Figure 2 c : Effectiveness of care bundle approach on Quality of life – Role Function (RF) of control and experimental groups. The middle pink line is median and the blue line is the mean (n = 60 each). The c2 and P values are by Friedman RM ANOVA of the respective groups. The control and experimental groups are compared by Mann-Whitney rank sum test. For the Pre-test the ‘T’ and ‘P’ values are 3142 and 0.009 respectively; For the Post-test 1 the ‘T’ and ‘P’ values are 3668 and 0.884 respectively; For the Post-test 2 the ‘T’ and ‘P’ values are 3221 and 0.031 respectively; For the Post-test 3 the ‘T’ and ‘P’ values are 3069 and  0.003 respectively. a – Significantly different from the respective Pre-test. b – Significantly different from the respective control group.

Figure 2 d: Effectiveness of care bundle approach on Quality of life –Emotion Function (EF)  of control and experimental groups. The middle pink line is median and the blue line is the mean (n = 60 each). The c2 and P values are by Friedman RM ANOVA of the respective groups. The control and experimental groups are compared by Mann-Whitney rank sum test. For the Pre-test the ‘T’ and ‘P’ values are 2996 and < 0.001 respectively; For the Post-test 1 the ‘T’ and ‘P’ values are 3209 and 0.027 respectively; For the Post-test 2 the ‘T’ and ‘P’ values are 3019 and <0.001 respectively; For the Post-test 3 the ‘T’ and ‘P’ values are 2921 and < 0.001 respectively. a – Significantly different from the respective Pre-test. b – Significantly different from the respective control group.

 

Figure 2 e: Effectiveness of care bundle approach on Quality of life – cognitive function of control and experimental groups. The middle pink line is median and the blue line is the mean (n = 60 each). The c2 and P values are by Friedman RM ANOVA of the respective groups. The control and experimental groups are compared by Mann-Whitney rank sum test. For the Pre-test the ‘T’ and ‘P’ values are 3630 and 1.000 respectively; For the Post-test 1 the ‘T’ and ‘P’ values are 3406 and 0.225 respectively; For the Post-test 2 the ‘T’ and ‘P’ values are 3334 and 0.119 respectively; For the Post-test 3 the ‘T’ and ‘P’ values are 2853 and < 0.001 respectively. a – Significantly different from the respective Pre-test. b – Significantly different from the respective control group.

 

 

Figure 2 f : Effectiveness of care bundle approach on Quality of life – Social function (SF) of control and experimental groups. The middle pink line is median and the blue line is the mean (n = 60 each). The c2 and P values are by Friedman RM ANOVA of the respective groups. The control and experimental groups are compared by Mann-Whitney rank sum test.
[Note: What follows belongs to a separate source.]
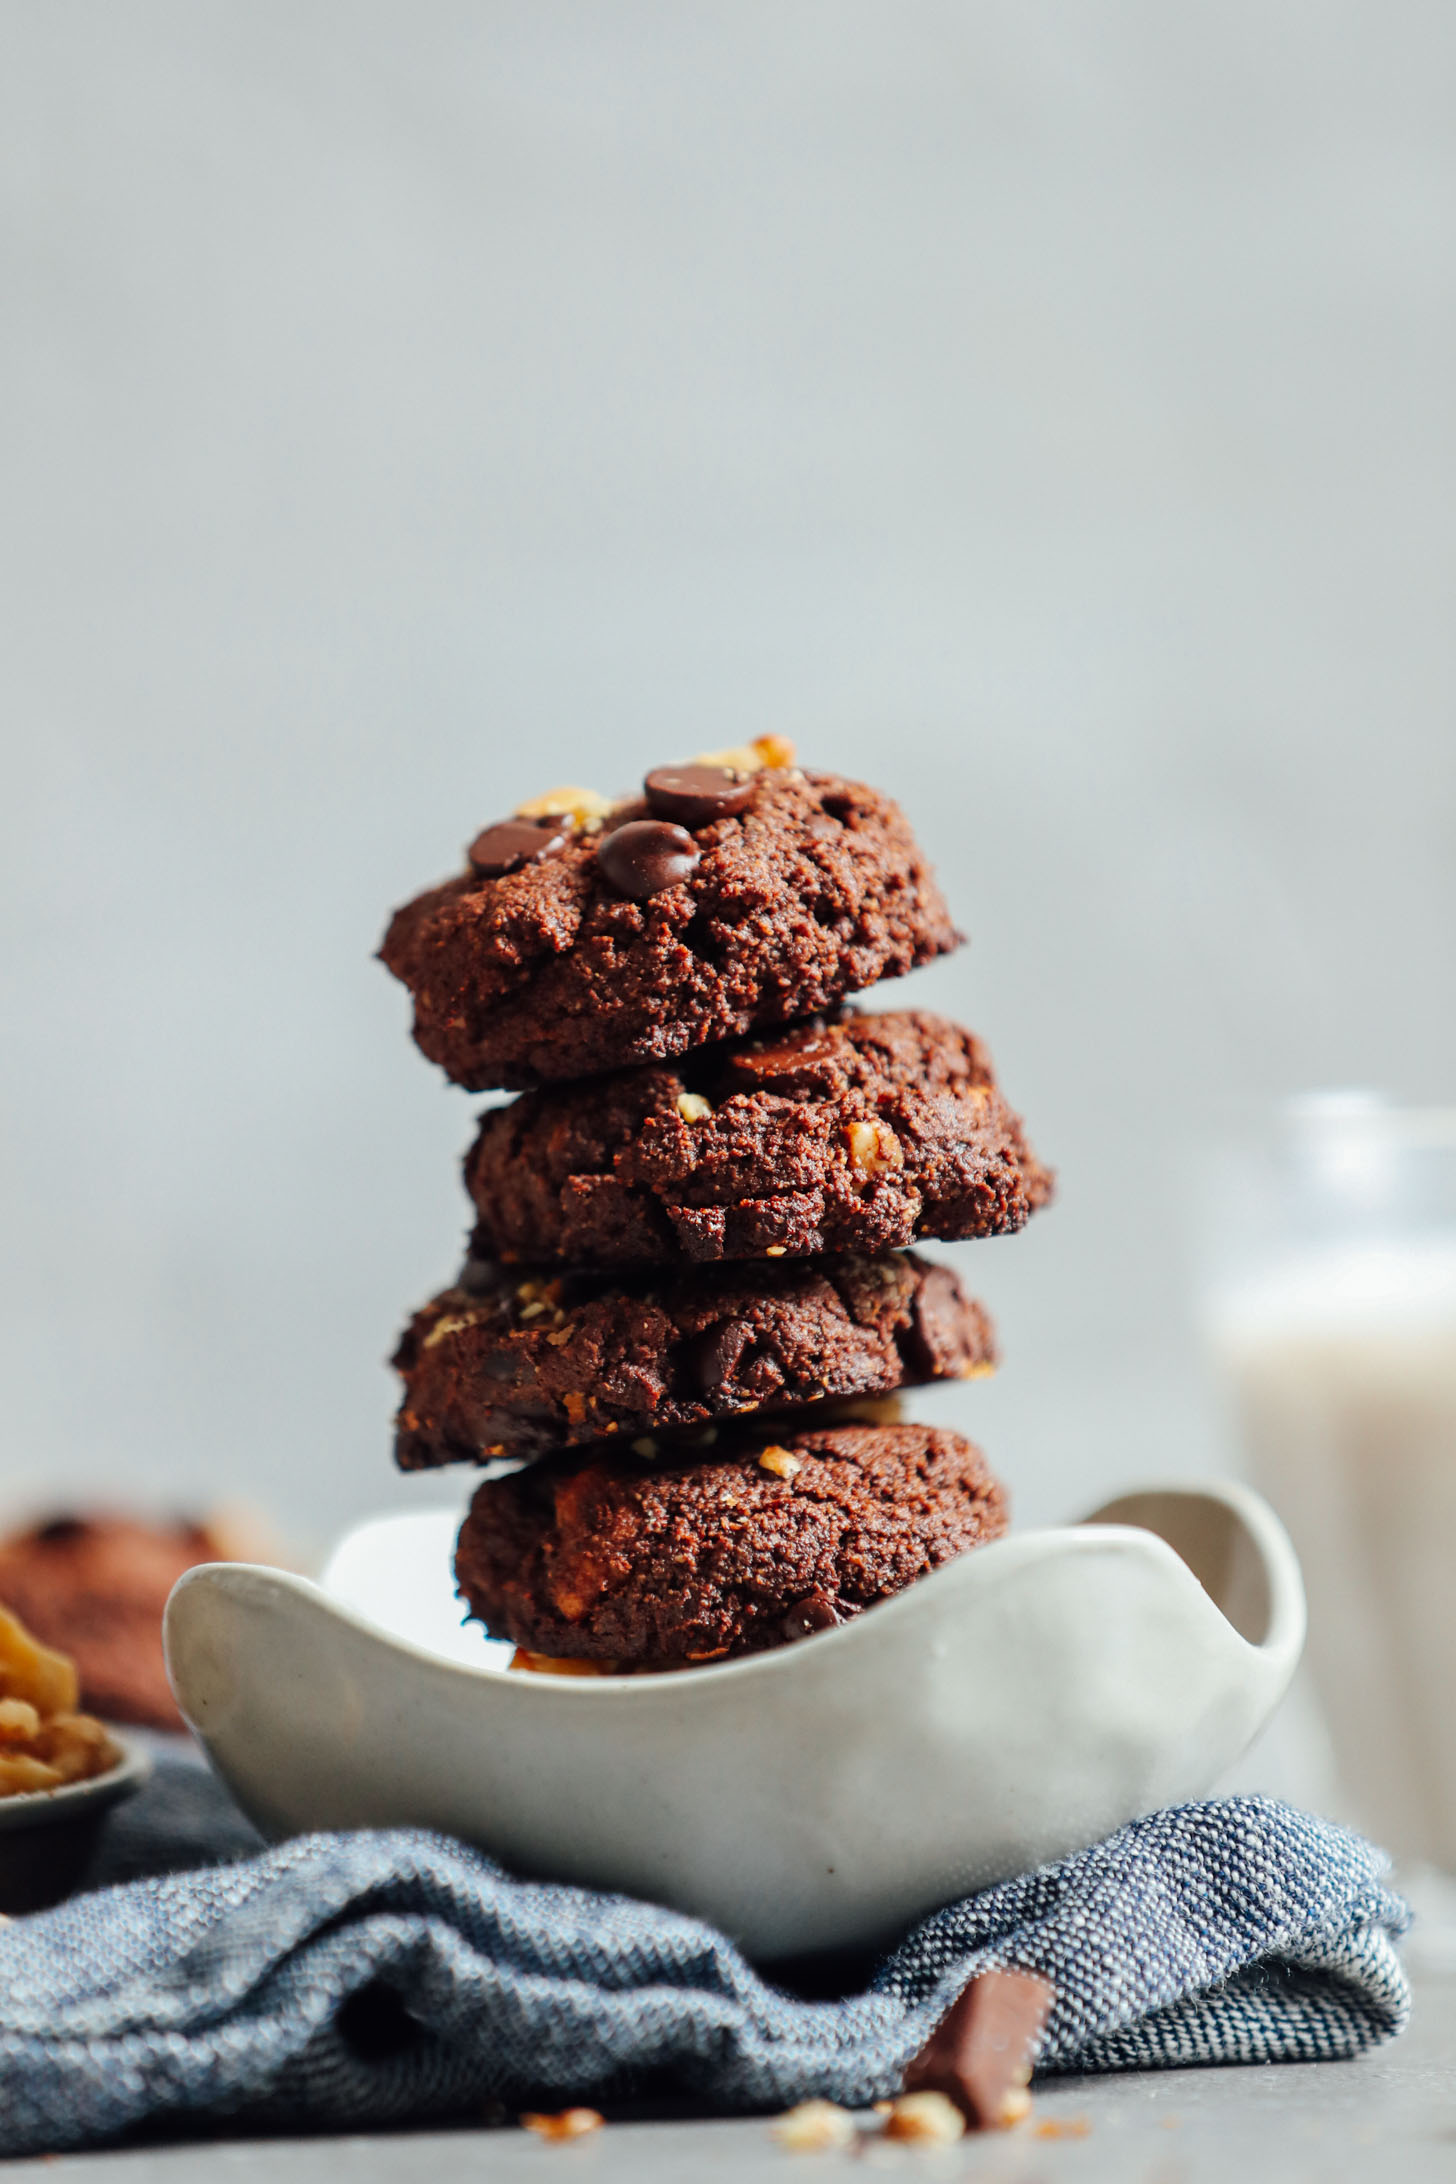 INSANE Vegan Brownie Cookies! 10 ingred, FUDGY, delicious! #vegan #glutenfree #plantbased #brownie #cookies #minimalistbaker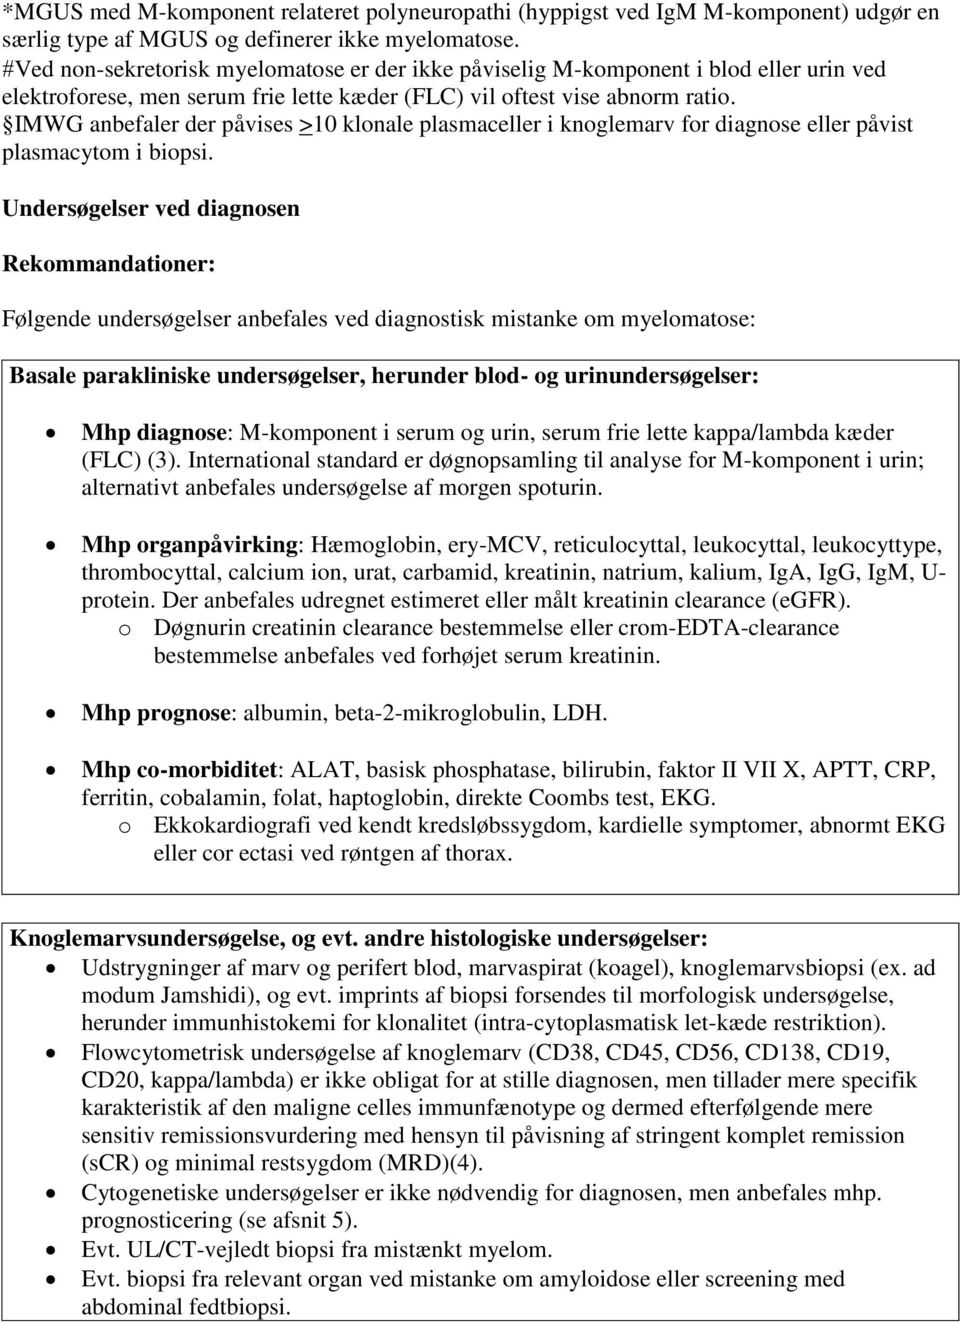 Diagnostik og behandling af myelomatose. Retningslinje 2015 fra Dansk  Myelomatose Studiegruppe (DMSG) - PDF Gratis download

For the Pre-test the ‘T’ and ‘P’ values are 3985 and 0.056 respectively; For the Post-test 1 the ‘T’ and ‘P’ values are 3852 and 0.232 respectively; For the Post-test 2 the ‘T’ and ‘P’ values are 3325 and 0.106 respectively; For the Post-test 3 the ‘T’ and ‘P’ values are 3017 and < 0.001 respectively. a – Significantly different from the respective Pre-test. b – Significantly different from the respective control group.

 

Figure 2 g :Effectiveness of care bundle approach Quality of life – fatigue (fa) of control and experimental groups. The middle pink line is median and the blue line is the mean (n = 60 each). The c2 and P values are by Friedman RM ANOVA of the respective groups. The control and experimental groups are compared by Mann-Whitney rank sum test. For the Pre-test the ‘T’ and ‘P’ values are 4887 and <0.001 respectively; For the Post-test 1 the ‘T’ and ‘P’ values are 4425 and <0.001 respectively; For the Post-test 2 the ‘T’ and ‘P’ values are 4046 and 0.027 respectively; For the Post-test 3 the ‘T’ and ‘P’ values are 3603 and 0.885 respectively. a – Significantly different from the respective Pre-test. b – Significantly different from the respective control group.
Figure 2 h: Effectiveness of care bundle approach on Quality of life – Vomiting of control and experimental groups. The middle pink line is median and the blue line is the mean (n = 60 each). The c2 and P values are by Friedman RM ANOVA of the respective groups. The control and experimental groups are compared by Mann-Whitney rank sum test. For the Pre-test the ‘T’ and ‘P’ values are 3580 and 0.787 respectively; For the Post-test 1 the ‘T’ and ‘P’ values are 3499 and 0.466 respectively; For the Post-test 2 the ‘T’ and ‘P’ values are 3271 and 0.054 respectively; For the Post-test 3 the ‘T’ and ‘P’ values are 2953 and < 0.001 respectively. a – Significantly different from the respective Pre-test. b – Significantly different from the respective control group.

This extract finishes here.